UNDERSPECIFICATION AND LINGUISTIC INFORMATION


In this talk I'll argue that the underspecification phenomenon has
important consequences for the general architecture of grammar and for the
way we should represent linguistic information. As many people have noted,
there are at least two ways in which we can represent such information: a)
by means of structures (trees, strings, attribute-value graphs, etc.), or
b) by means of theories (sets of closed formulas) talking about such
structures. The latter perspective is exemplified by Mark Johnson's
first-order formalisation of Lexical-Functional Grammar (LFG),
formalisations of features using modal logic (Kracht, Blackburn) and
Blackburn & Gardent's rendering of LFG with the help of modal logic. If we
choose perspective a), it becomes difficult to represent underspecified
linguistic information, since such information by definition will admit
more than one structure. However, if we choose perspective b), and view
linguistic information in terms of theories, underspecification is no
longer a difficulty but something entirely expected: it is an exception
rather than the rule if a theory has precisely one minimal model. Theories
which have no models (overspecification) or more than one
(underspecification) are much more common.

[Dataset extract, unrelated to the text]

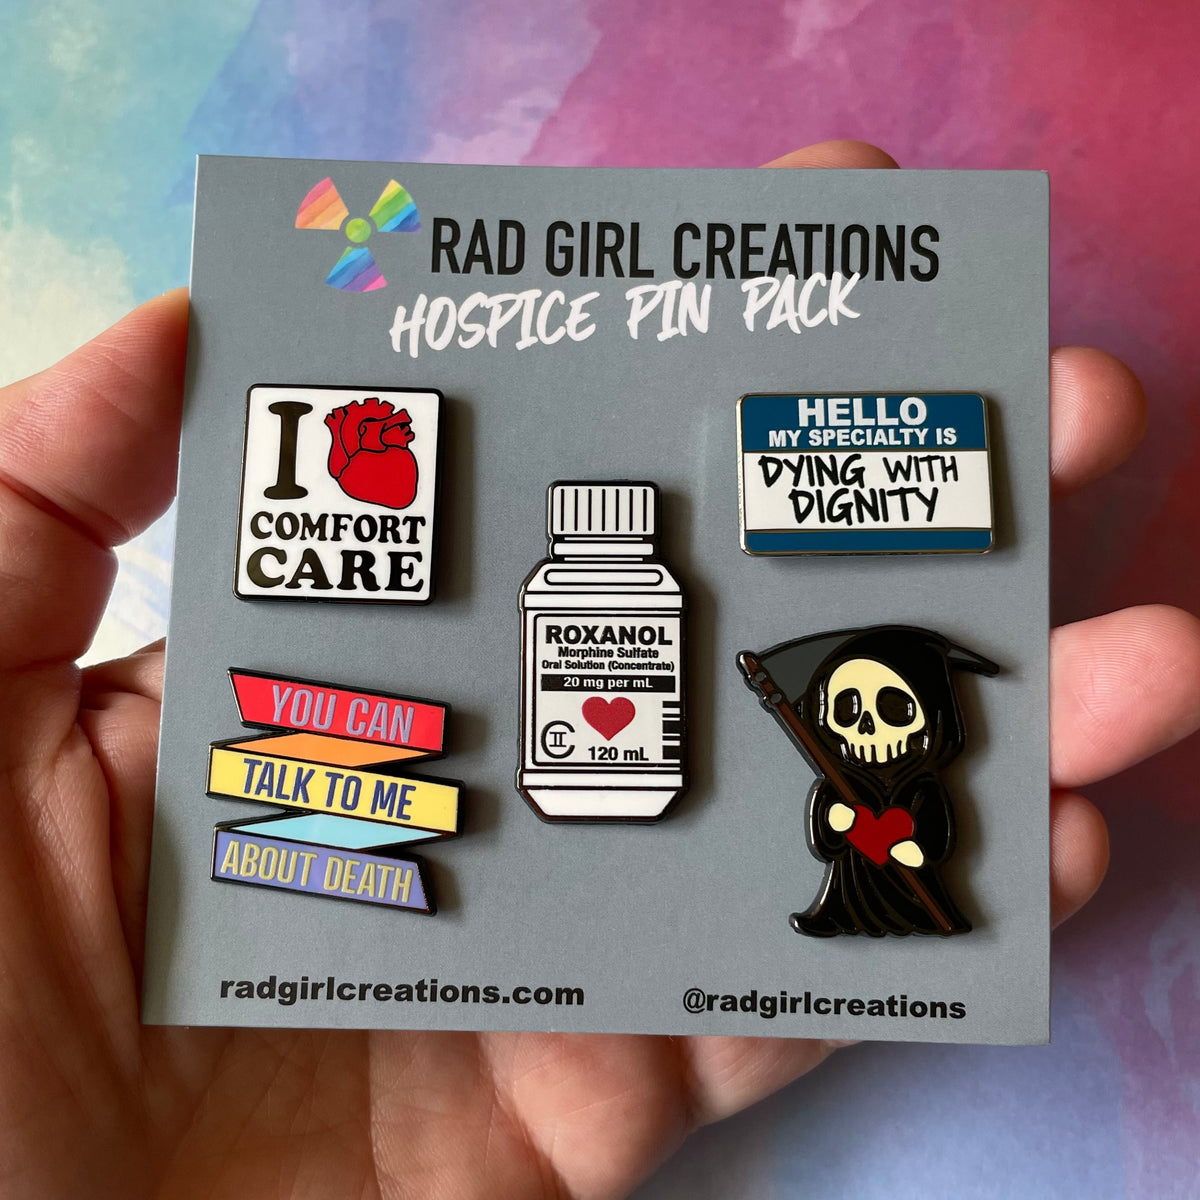 Rad Girl Creations - Medical Enamel Pin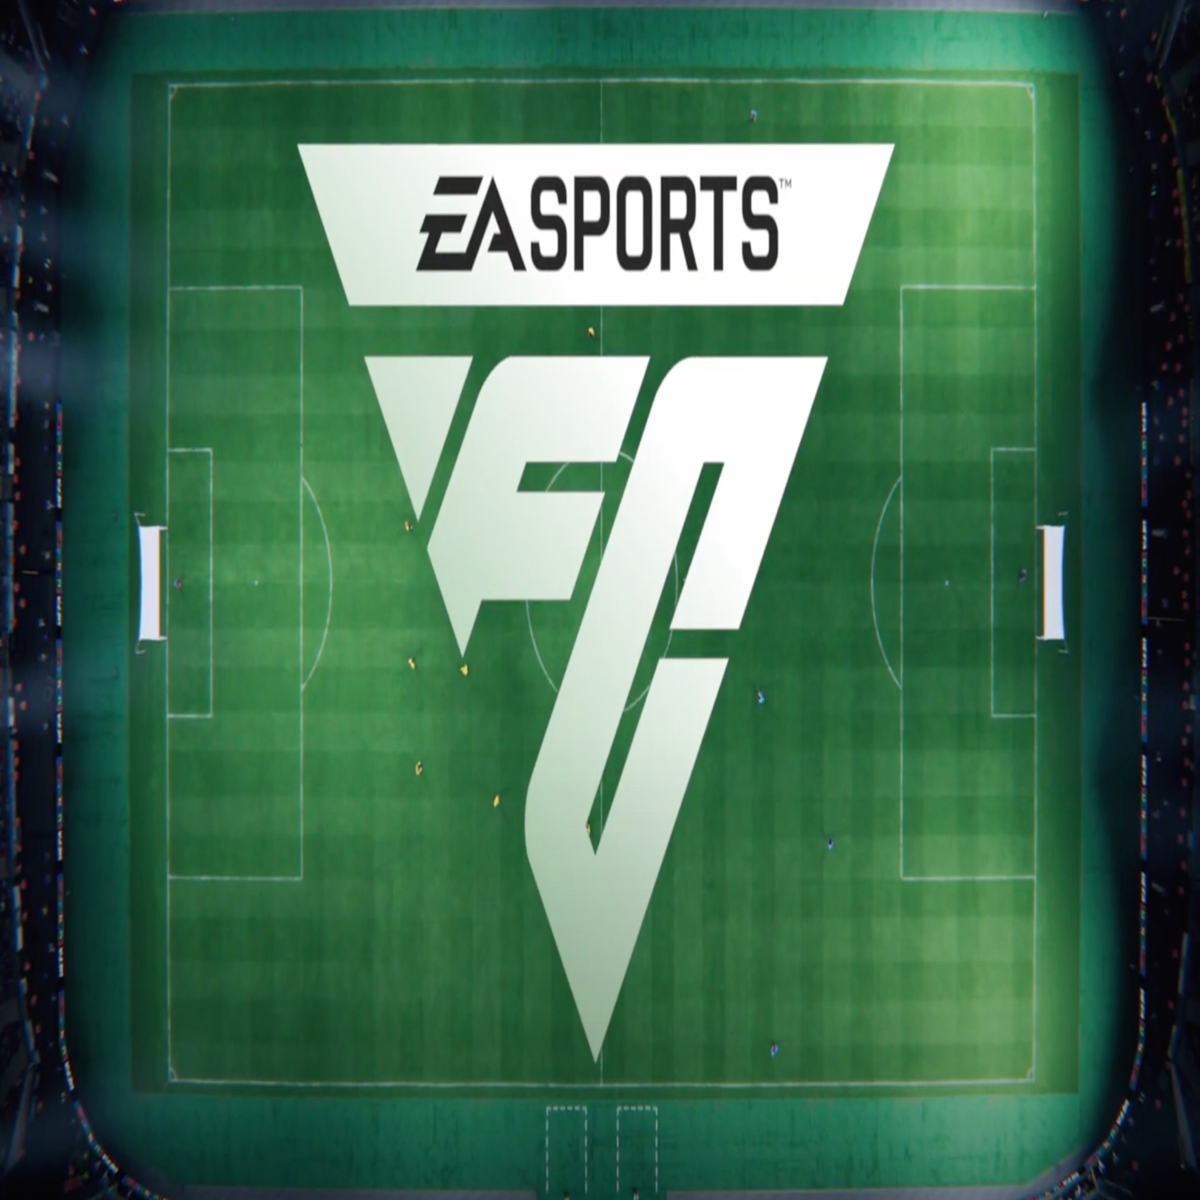 EA Sports FC 24 release date announced

In the talk I'll model the linguistic information that is connected with a
lexical entry as a theory talking about structures in various linguistic
dimensions (word order, dominance, f-structure, semantics,...). I call such
theories 'signs'. Signs, except for their part pertaining to semantics,
will be couched in a very poor fragment of predicate logic (universal
sentences with--essentially--no function symbols except individual
constants). Their semantics part will consist of a system of equations in a
richer fragment of classical logic. Signs for complex linguistic structures
can be obtained by "clicking together" atomic signs with the help of the
commutative Lambek Calculus, a variant of the logic underlying Categorial
Grammar. The basic requirement on signs is that they be consistent, i.e.
have (minimal) models.

The system as it is sketched here has obvious connections with LFG and
Categorial Grammar, but also with Tree Adjoining Grammars. I'll argue that
it has some advantages over these theories and that it is computationally
attractive.